◆ WHAT YOU NEED TO DO: Once the line with "Silk Route Burgundy" is reached, output it and every line after it, exactly, through the end of the records below. Pictures are skipped.

*** RECORDS FOR THIS TASK Section Begins ***

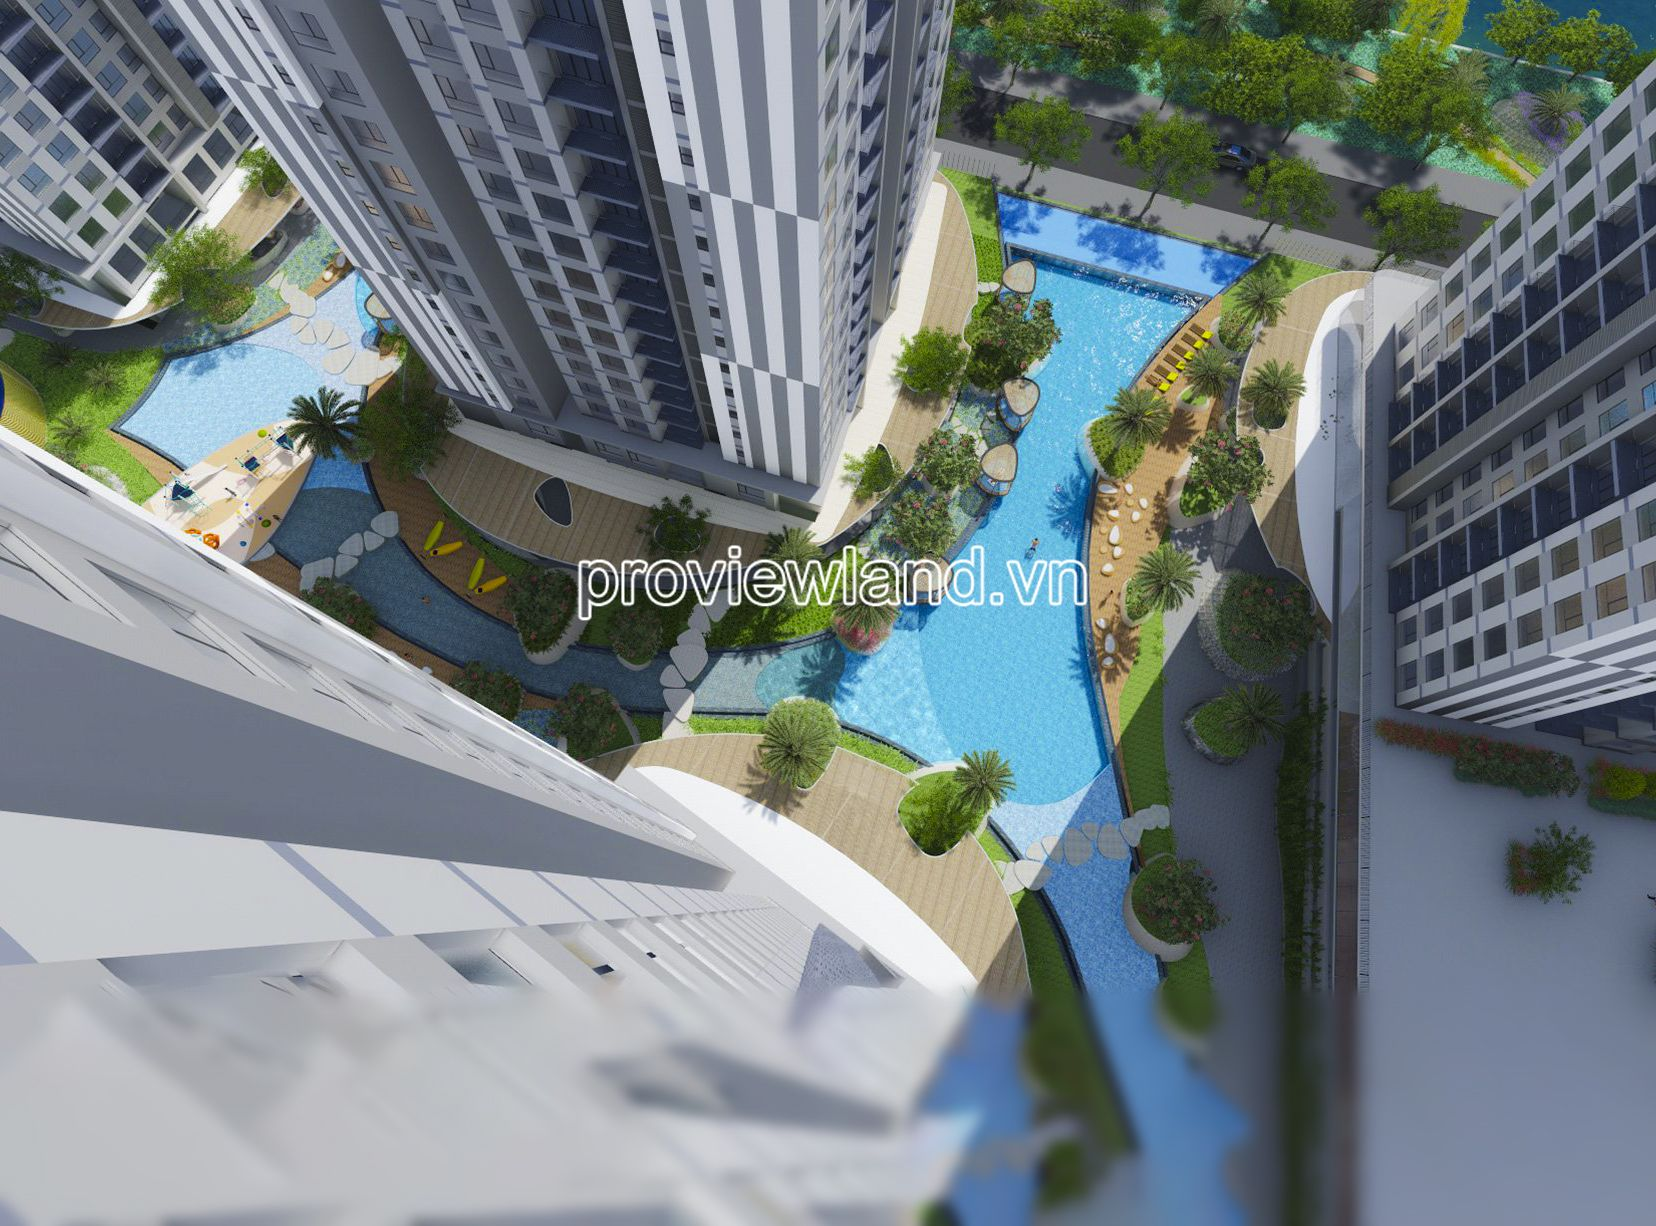 Gem-Riverside-Q2-facilities-tien-ich-proviewland-07
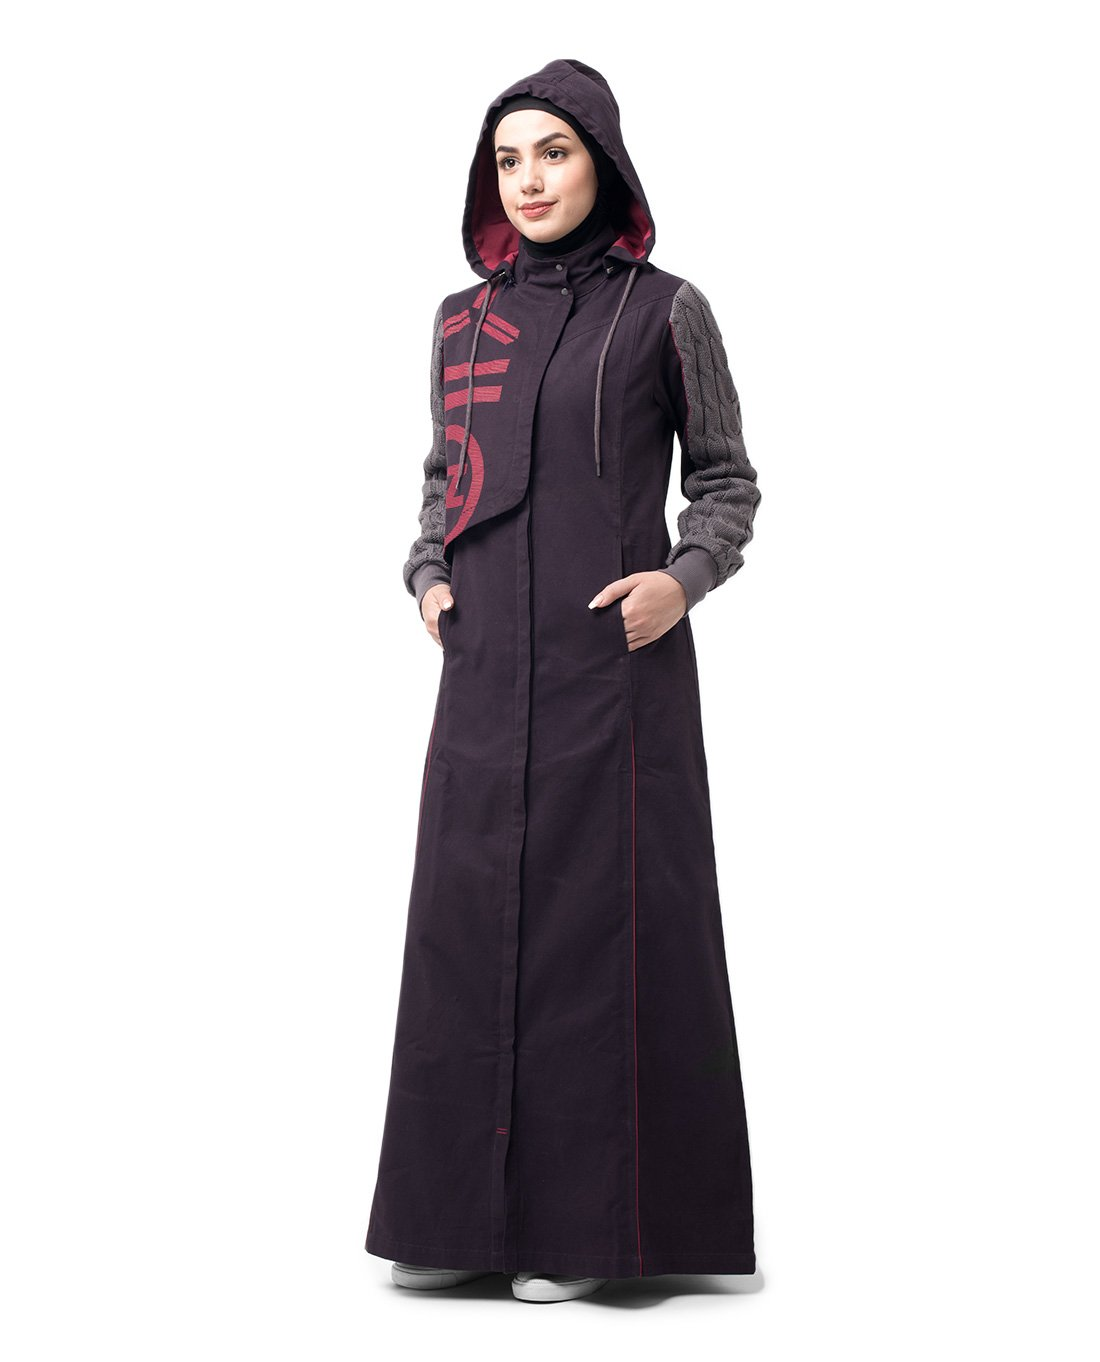 Silk Route Burgundy Red Winter Knit Printed Cotton Sporty Maxi Dress Jilbab XXLarge 60
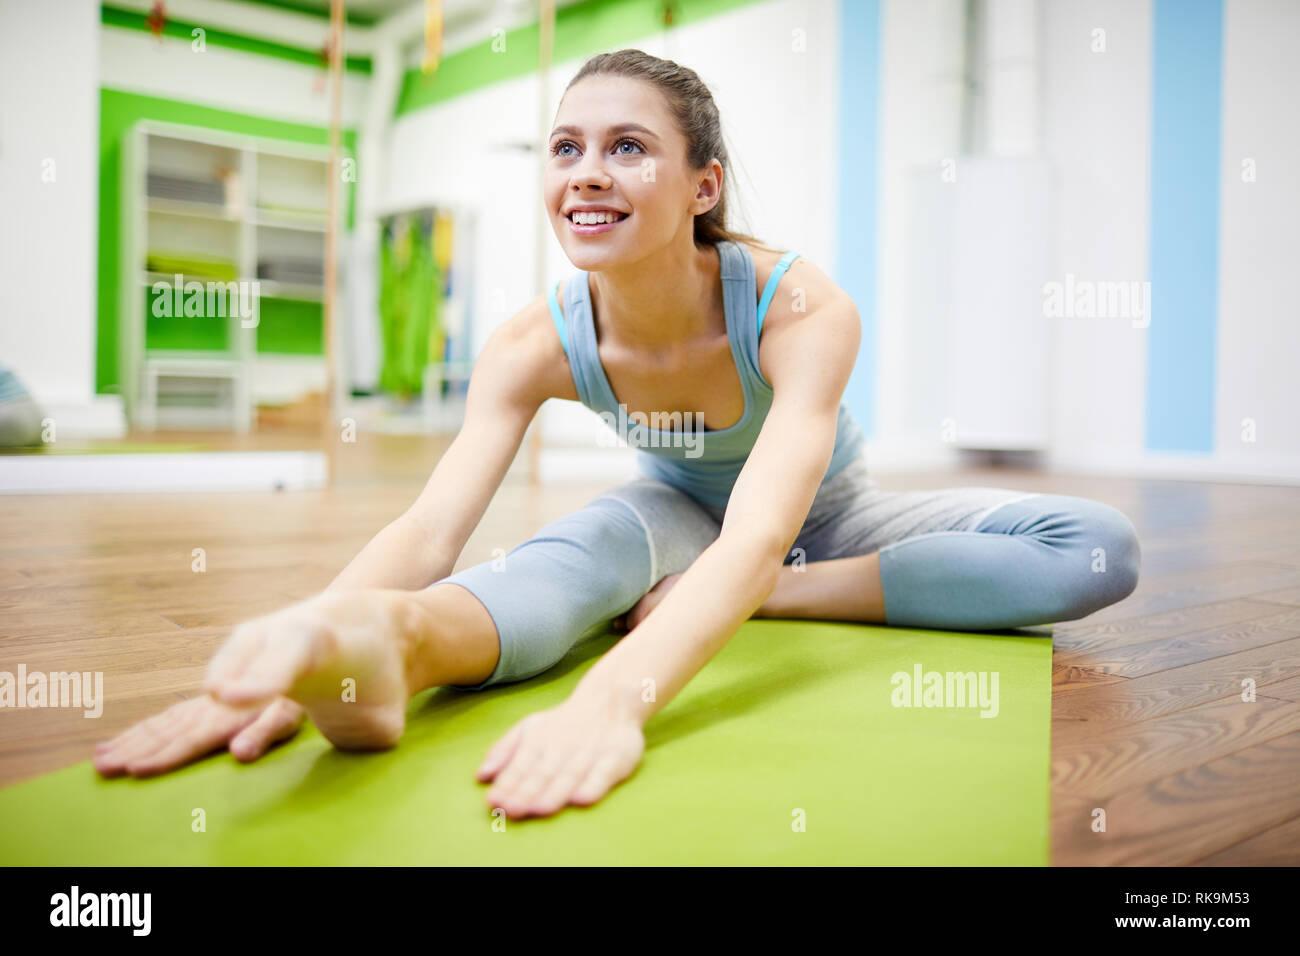 Junge Frau Dehnen in Fitness Club Stockfoto
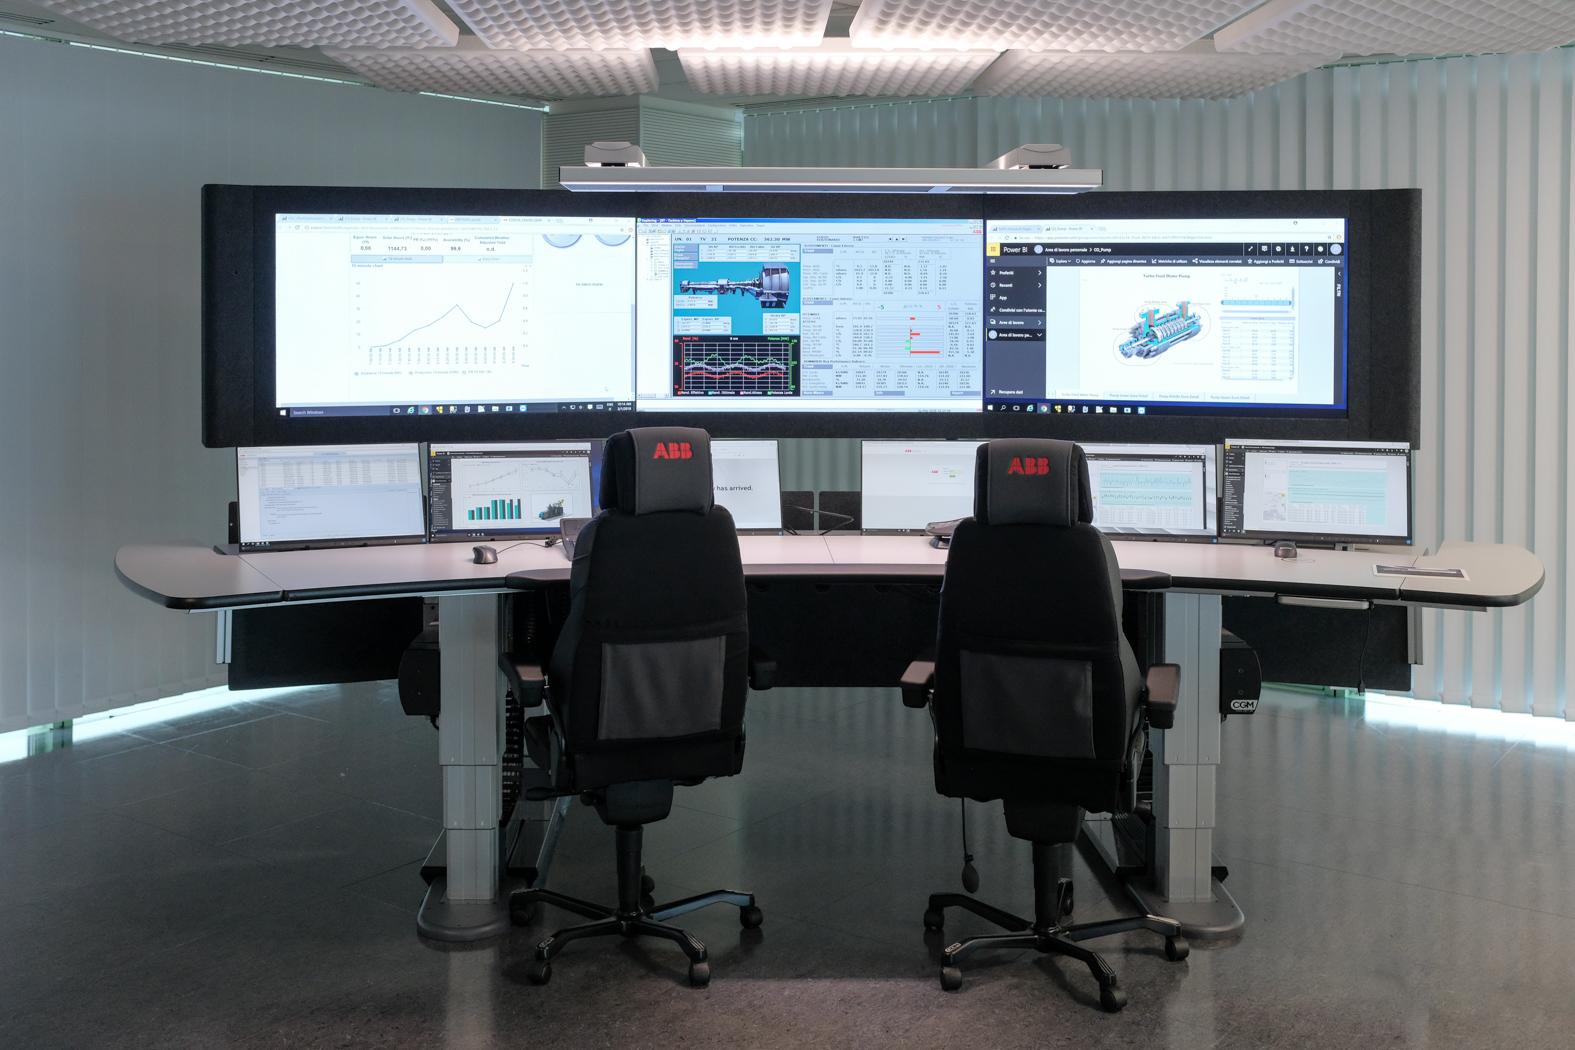 ABB Ability Collaborative Operation Center, Genoa, Italy.
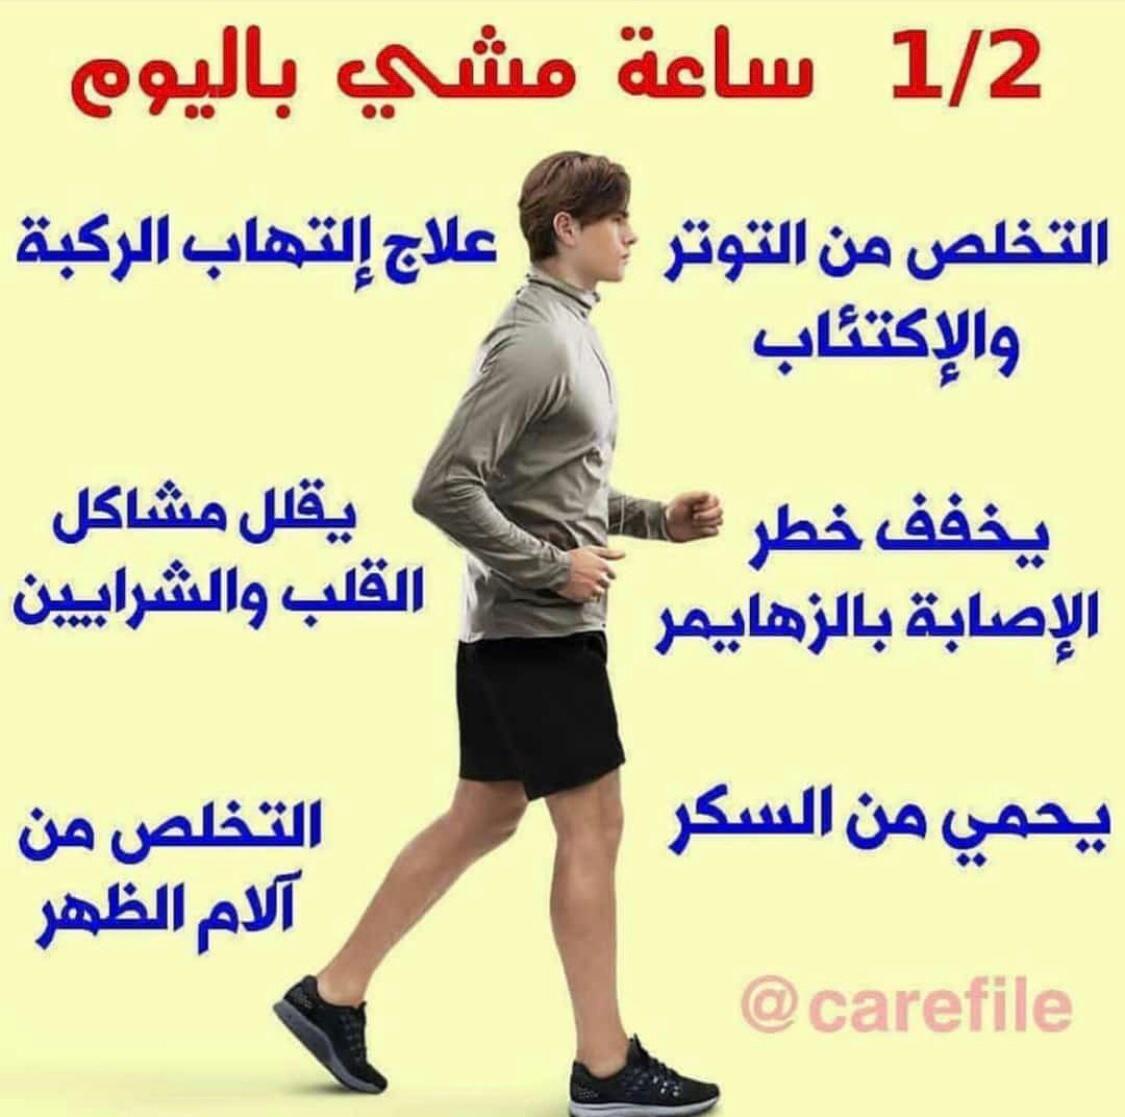 Pin by Asssuwaidi on النظام الغذائى Exercise, Sports

*** RECORDS FOR THIS TASK Section Ends ***

◆ RESPONSE AREA:
 Silk Route Burgundy Red Winter Knit Printed Cotton Sporty Maxi Dress Jilbab XXLarge 60
 Junge Frau Dehnen in Fitness Club Stockfoto
 ABB Ability Collaborative Operation Center, Genoa, Italy.
 Pin by Asssuwaidi on النظام الغذائى Exercise, Sports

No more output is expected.